O documento, parecido com o que a UE discute hoje, possui classificações dos riscos de violação a direitos considerados fundamentais, regras de governança e de tratamento de dados pessoais, além de estipular punições diversas.
"Quando um sistema passa a ser capaz de tomar decisões que afetam o coletivo, ele deve imediatamente ser limitado. Hoje, mesmo os criadores desses dispositivos não conhecem exatamente o funcionamento dos algoritmos", observa Rodolfo Avelino, uma das vozes mais firmes em torno da abordagem hard law.
Avelino, que leciona no curso de Engenharia do Insper e coordena um laboratório de estudos sobre tecnologias na Universidade Federal do ABC (UFABC), em Santo André, também teme que uma regulação mais frouxa reforce desigualdades cotidianas.
"No âmbito do Estado, quais dados serão utilizados para treinar modelos de IA no campo da segurança pública, por exemplo? Nós sabemos que alguns deles serão produzidos a partir de populações mais vulneráveis. Esse tipo de processo, feito em cima de um perfil social, torna o modelo tendencioso. É aí que a regulação precisa agir", aponta.
Regulação com princípios
Durante a tramitação no Congresso, uma sugestão mais alinhada às demandas do empresariado, de autoria do deputado Eduardo Bismarck (PDT-CE), foi adicionada ao mesmo projeto relatado pelo senador Eduardo Gomes. De escopo principiológico – ou soft law – ela estabelece apenas princípios de governança e responsabilização, aos moldes do Marco Civil da Internet, de 2014.
O documento de oito páginas aponta, por exemplo, direitos e deveres dos usuários, assim como garantias já previstas na Constituição, deixando as demais legislações já em vigor regularem, na prática, o funcionamento da IA no país.
Aprovado no plenário da Câmara em 2021, o projeto de Bismarck estimulou o primeiro debate público sobre o tema, já que, da noite para o dia, foi colocado para votação em regime de urgência. Juristas e especialistas reclamaram que não foram consultados e levaram o protesto ao Senado, onde o projeto está atualmente.
Nos últimos meses, empresários voltaram à carga – em campanhas publicitárias e em eventos privados, assim como em lobby no Congresso – para que o projeto de Bismarck seja o alicerce da regulação da IA no país.
Um desses empresários é Diogo Costa, CEO do Instituto Millenium, think tank fundado há duas décadas para debater a intervenção do Estado na economia.

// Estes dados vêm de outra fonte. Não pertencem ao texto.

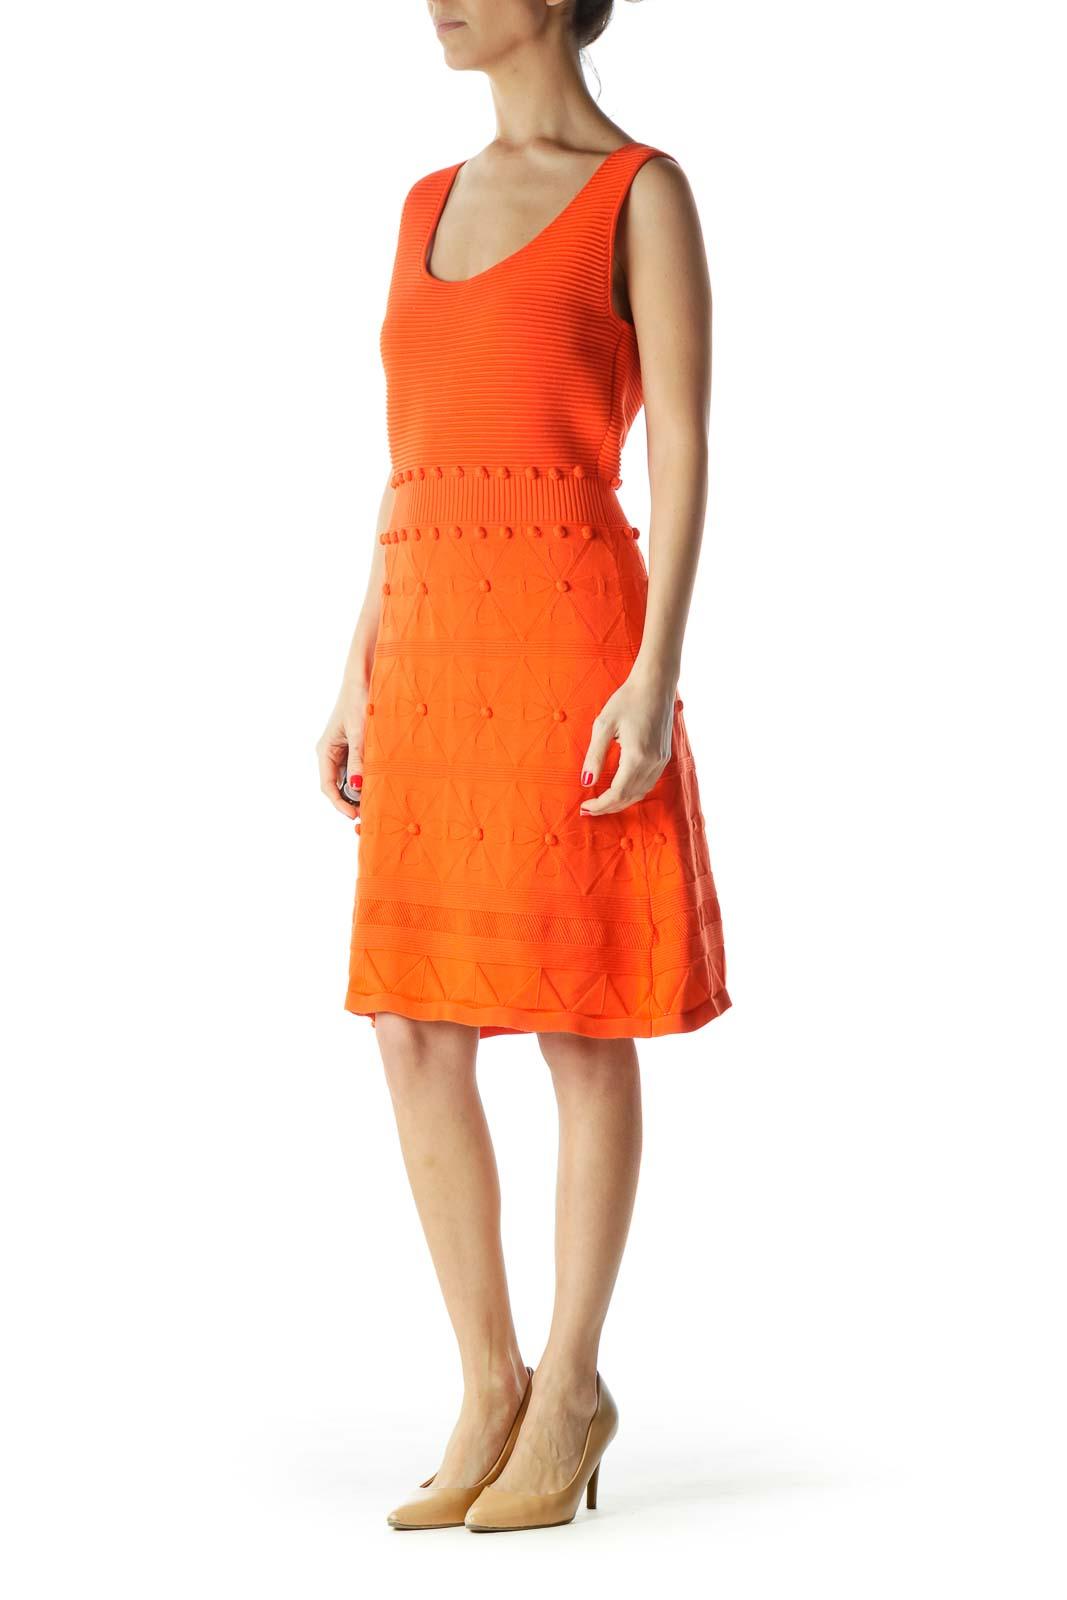 Orange Sleeveless Knit Dress

Para ele, se a proposta detalhista balizar o processo, significará insegurança jurídica e burocracia para os negócios.
"Como a IA muda toda hora, a lei também terá que se adaptar, deixando os negócios sempre à mercê das transformações. As startups vão ter que ter técnicos e advogados na mesma medida", diz, citando uma pesquisa do banco Goldman Sachs que, no começo deste ano, previu um crescimento de 1,5% da produtividade brasileira conforme a IA avançar no país.
Para Costa, o ideal é seguir com uma lei amparada em princípios, caminho seguido pelo Japão, por exemplo. Dessa forma, bastaria usar outras regras já vigentes na lei brasileira para controlar o funcionamento da IA. "Isso já está sendo feito, inclusive. As agências setoriais têm suas próprias portarias, que funcionam bem", analisa o empresário.
Interlocutores ouvidos pela DW em Brasília acreditam que, pelo conflito, mas também pelas inovações de ferramentas como o ChatGPT, uma regulação só será feita depois das eleições municipais do ano que vem.
Eles apontam que havia pressa em definir uma legislação até 2022, quando a demanda prescritiva era forte. Hoje, ao contrário, os parlamentares querem evitar que o debate tome o mesmo caminho da legislação sobre redes sociais que, insuflada por ataques a escolas do país em abril, foi adiada após pressões das big techs e de bancadas temáticas na Câmara. A discussão desgastou congressistas, governo e ministros do Supremo Tribunal Federal (STF), abertamente favoráveis ao projeto.
Mas, para Murilo Corrêa, da UEPG, a legislação da IA só será destravada, de fato, quando as big techs se sentarem à mesa. "Se a gente observar as regras ambientais brasileiras, elas são todas feitas com a presença do pessoal do agronegócio. Se isso não for feito agora, não sairá nada", finaliza.